To construe broadly the term “capital” as the total outstanding capital stock, including both
common and non-voting preferred shares, grossly contravenes the intent and letter of the
Constitution that the “State shall develop a self-reliant and independent national economy
effectively controlled by Filipinos.” A broad definition unjustifiably disregards who owns the
all-important voting stock, which necessarily equates to control of the public utility.
The legal and beneficial ownership of 60 percent of the outstanding capital stock must rest in the
hands of Filipinos in accordance with the constitutional mandate. Full beneficial ownership of 60
percent of the outstanding capital stock, coupled with 60 percent of the voting rights, is
constitutionally required for the State’s grant of authority to operate a public utility.

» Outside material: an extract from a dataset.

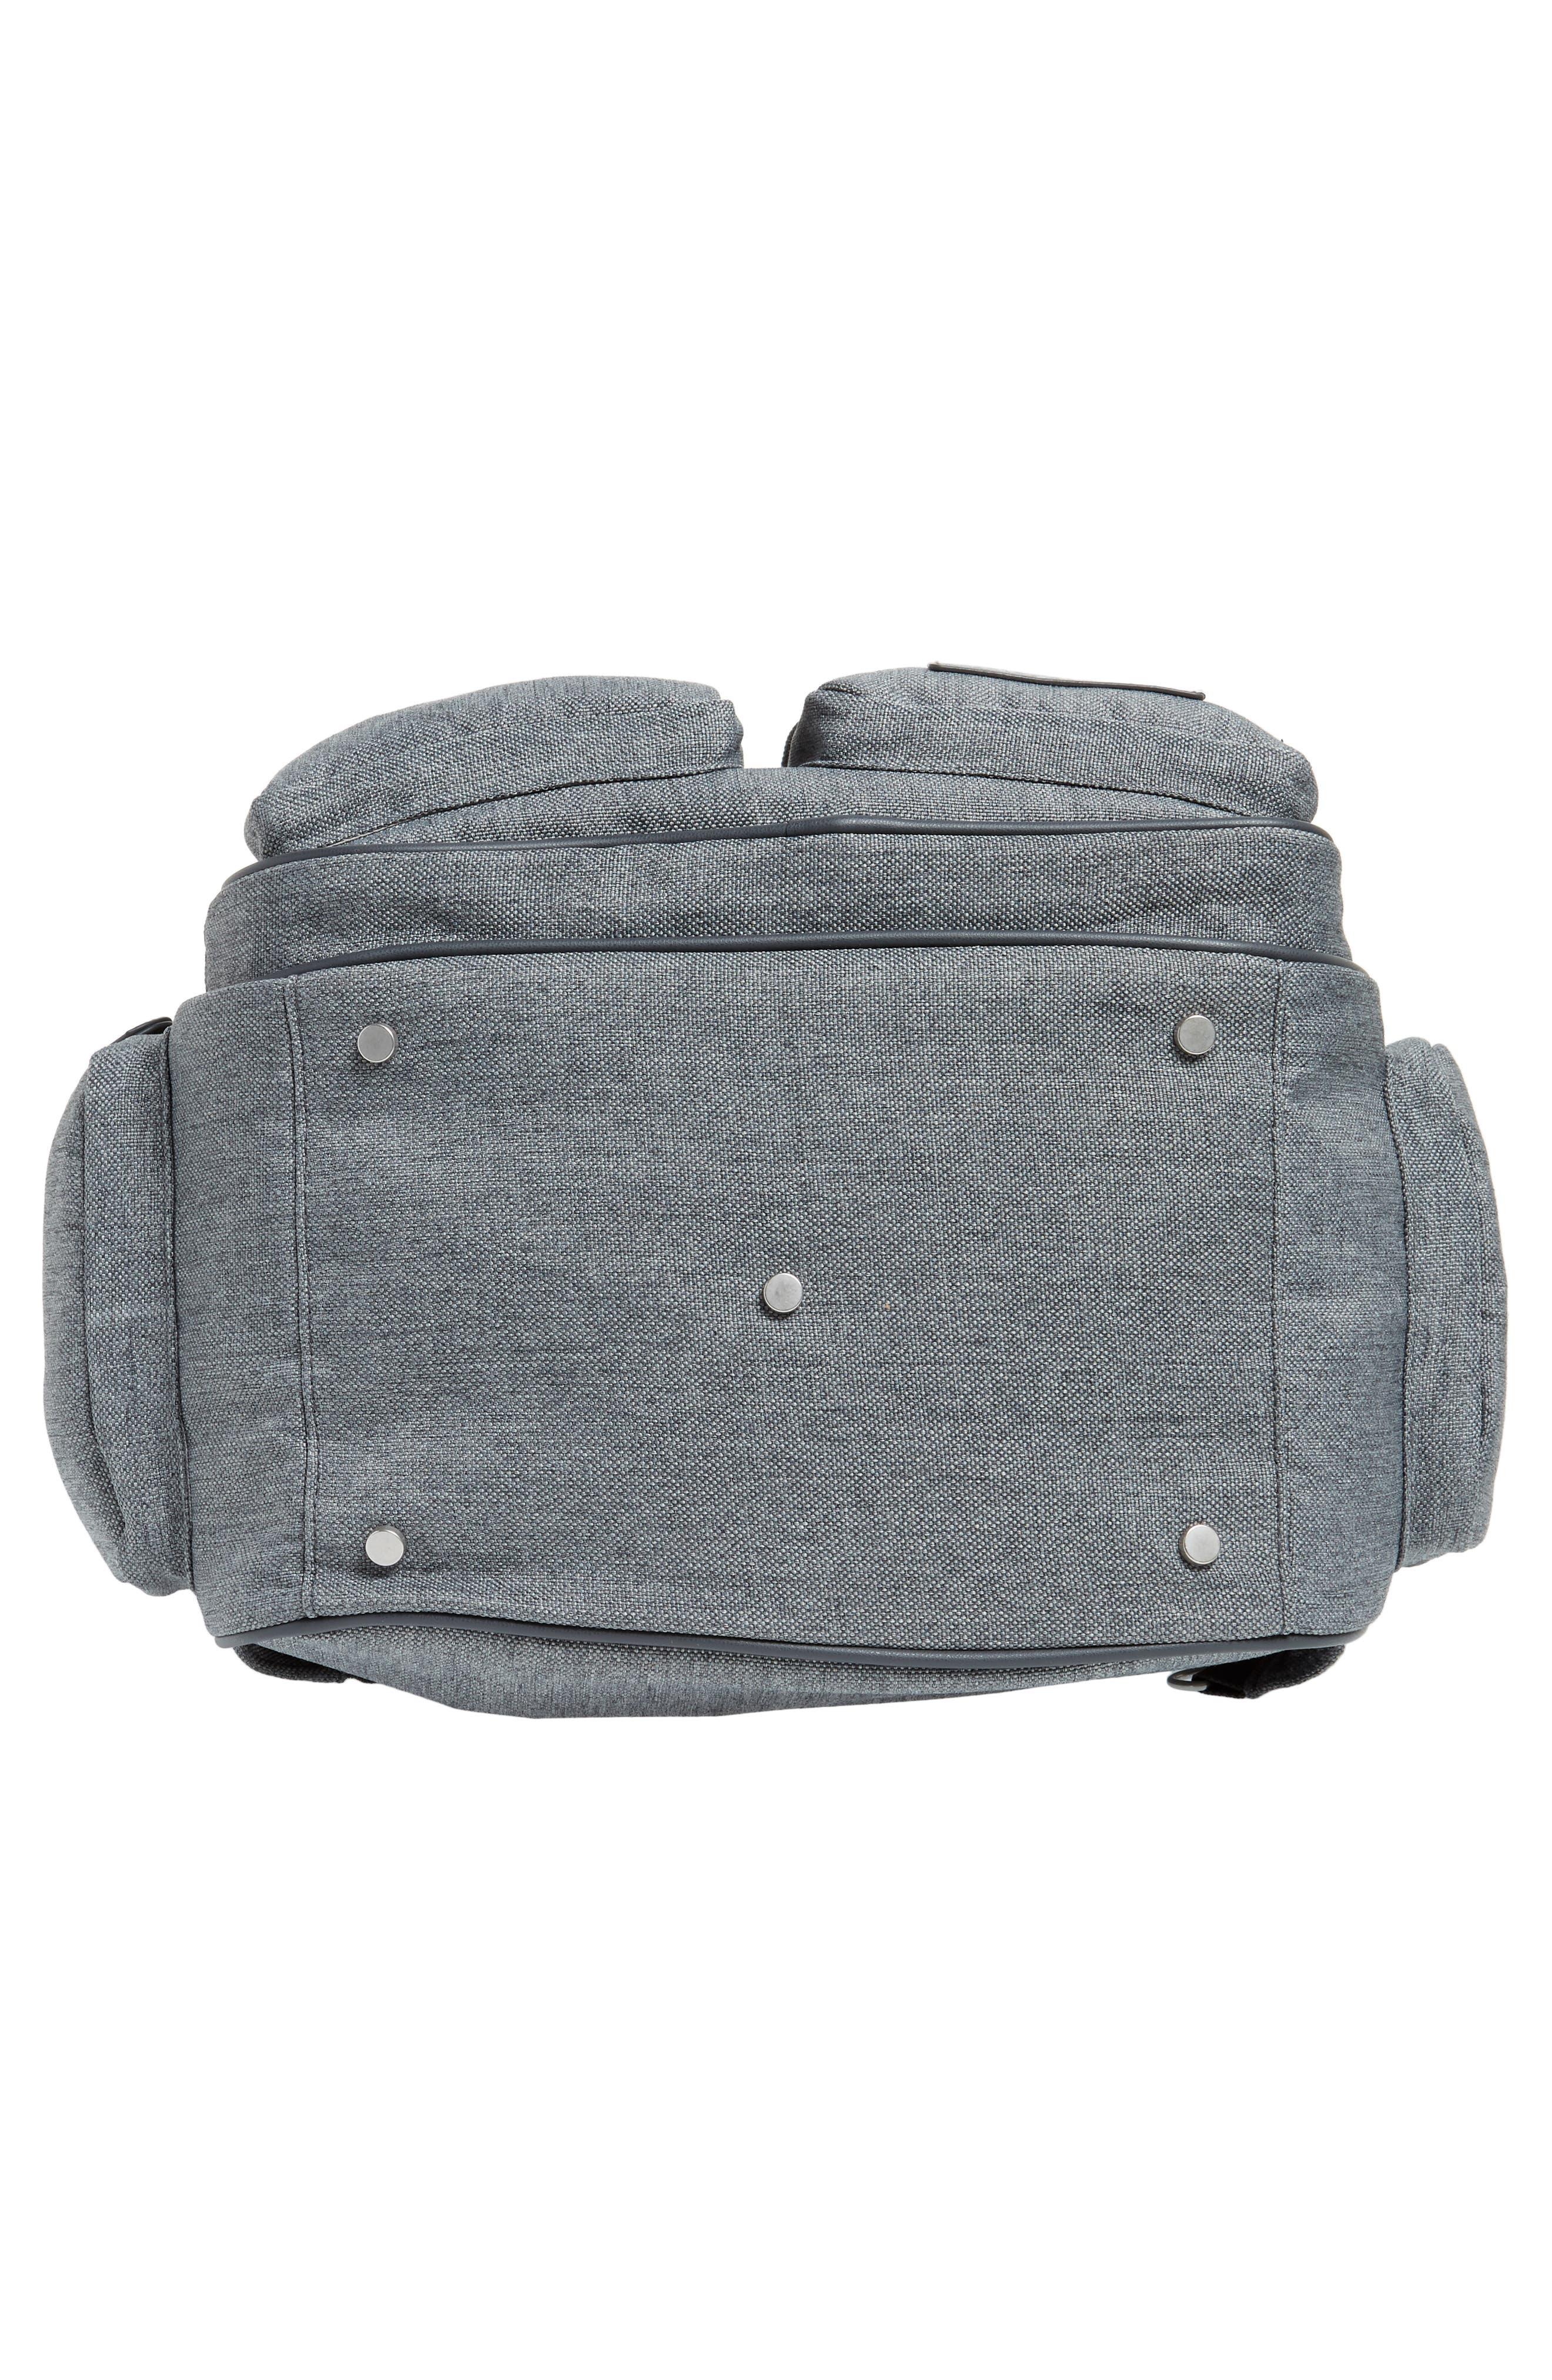 Glober Water Resistant Diaper Backpack,                             Alternate thumbnail 7, color,                             SMOKEY

Here, Filipinos hold less than 60 percent of the voting stock, and earn less than 60 percent of the
dividends, of PLDT. This directly contravenes the express command in Section 11, Article XII
of the Constitution.

Incidentally, the fact that PLDT common shares with a par value of P5.00 have a current stock
market value of P2,328.00 per share, while PLDT preferred shares with a par value of P10.00 per
share have a current stock market value ranging from only P10.92 to P11.06 per share, is a
glaring confirmation by the market that control and beneficial ownership of PLDT rest with the
common shares, not with the preferred shares.